● What is required: Only the pictures are dropped. Restate each line below word for word.
BEGIN Supplied material
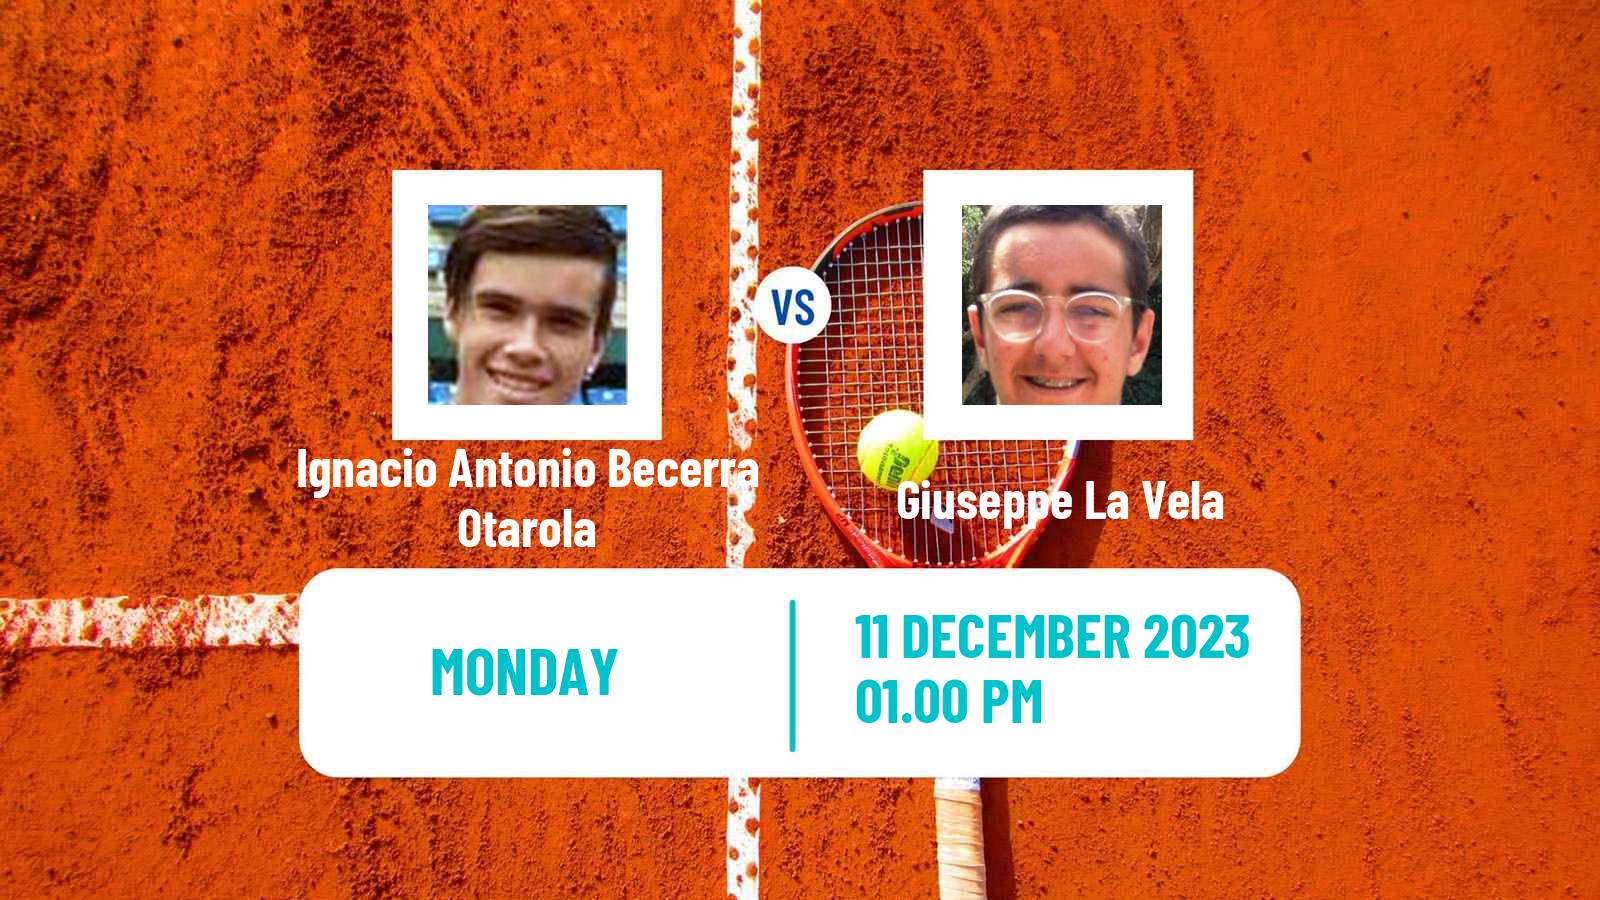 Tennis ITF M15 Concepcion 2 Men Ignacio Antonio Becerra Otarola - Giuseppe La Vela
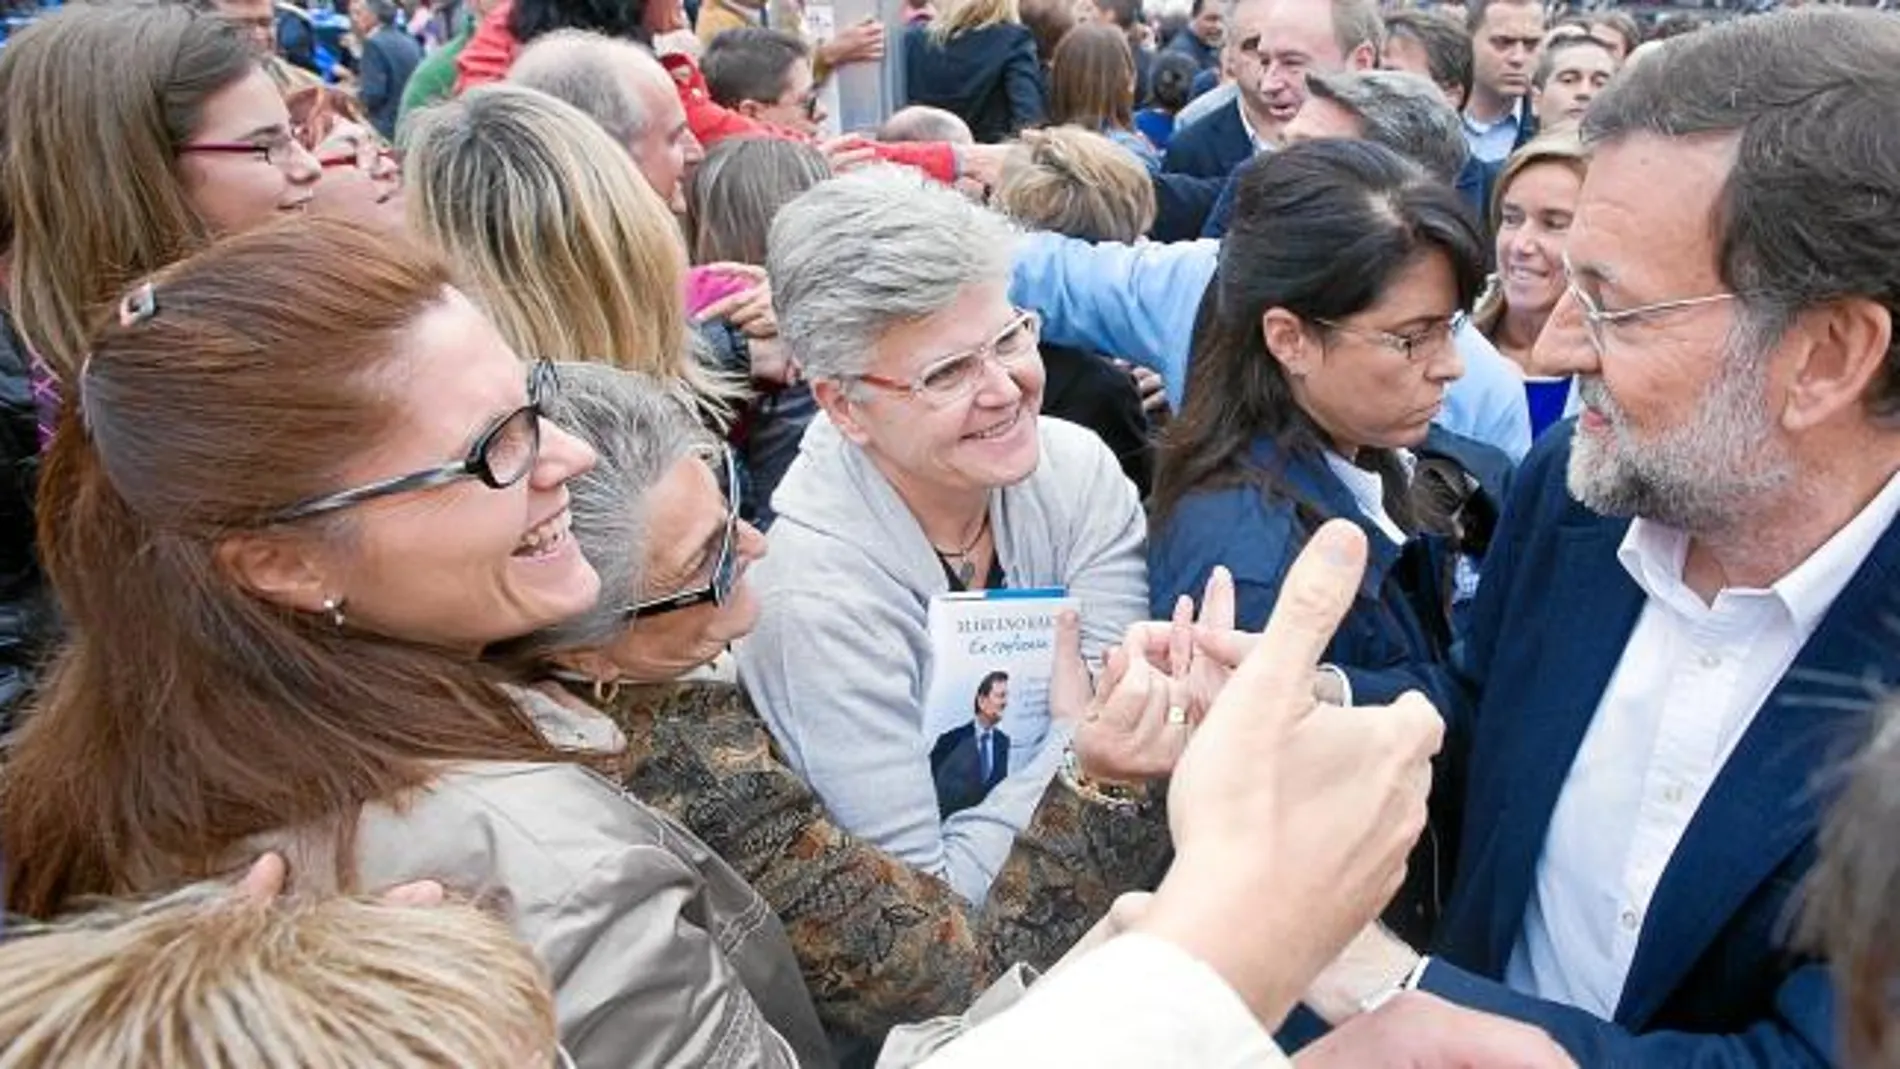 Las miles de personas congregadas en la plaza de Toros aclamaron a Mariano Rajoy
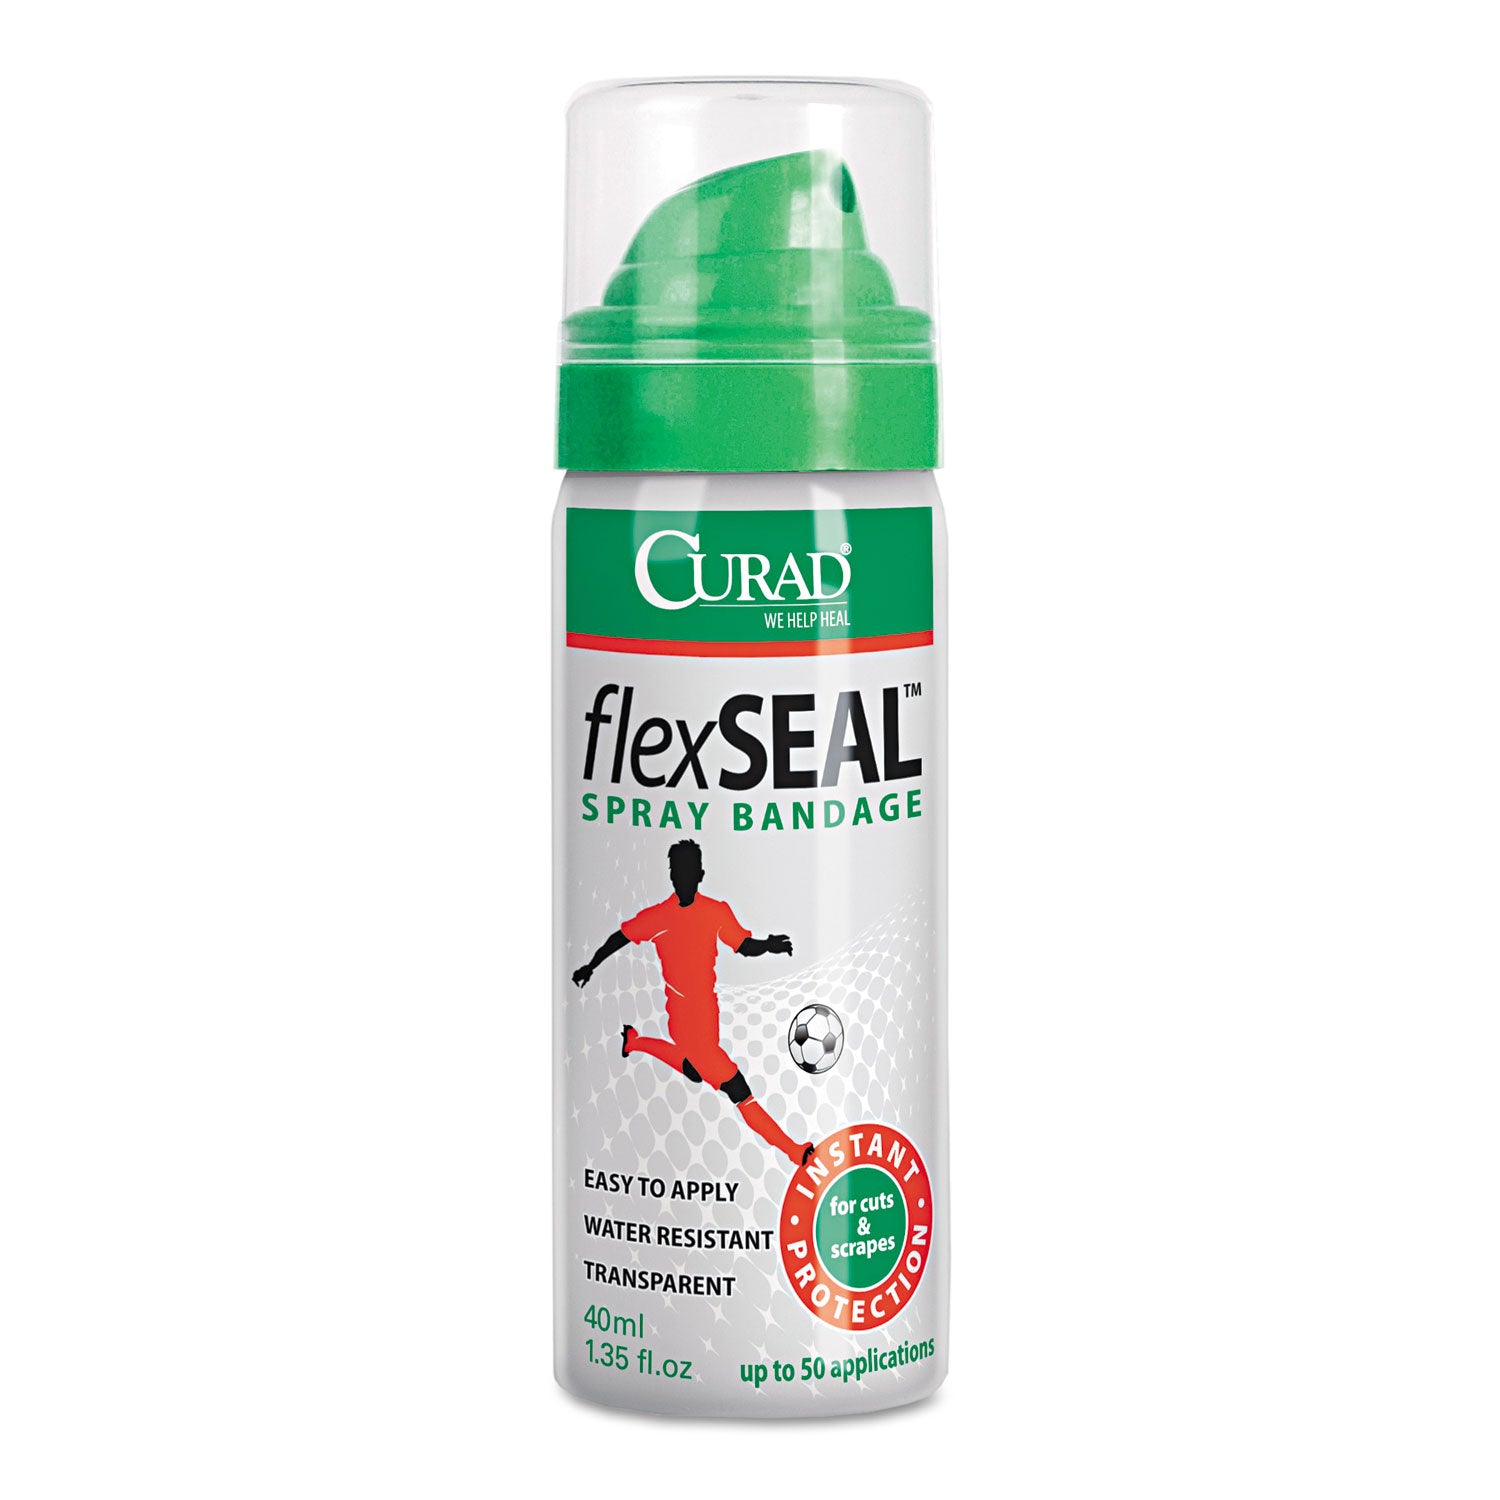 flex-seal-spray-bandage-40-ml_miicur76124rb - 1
END Supplied material
● Answer for this exercise:
 Tennis ITF M15 Concepcion 2 Men Ignacio Antonio Becerra Otarola - Giuseppe La Vela
 Las miles de personas congregadas en la plaza de Toros aclamaron a Mariano Rajoy
 flex-seal-spray-bandage-40-ml_miicur76124rb - 1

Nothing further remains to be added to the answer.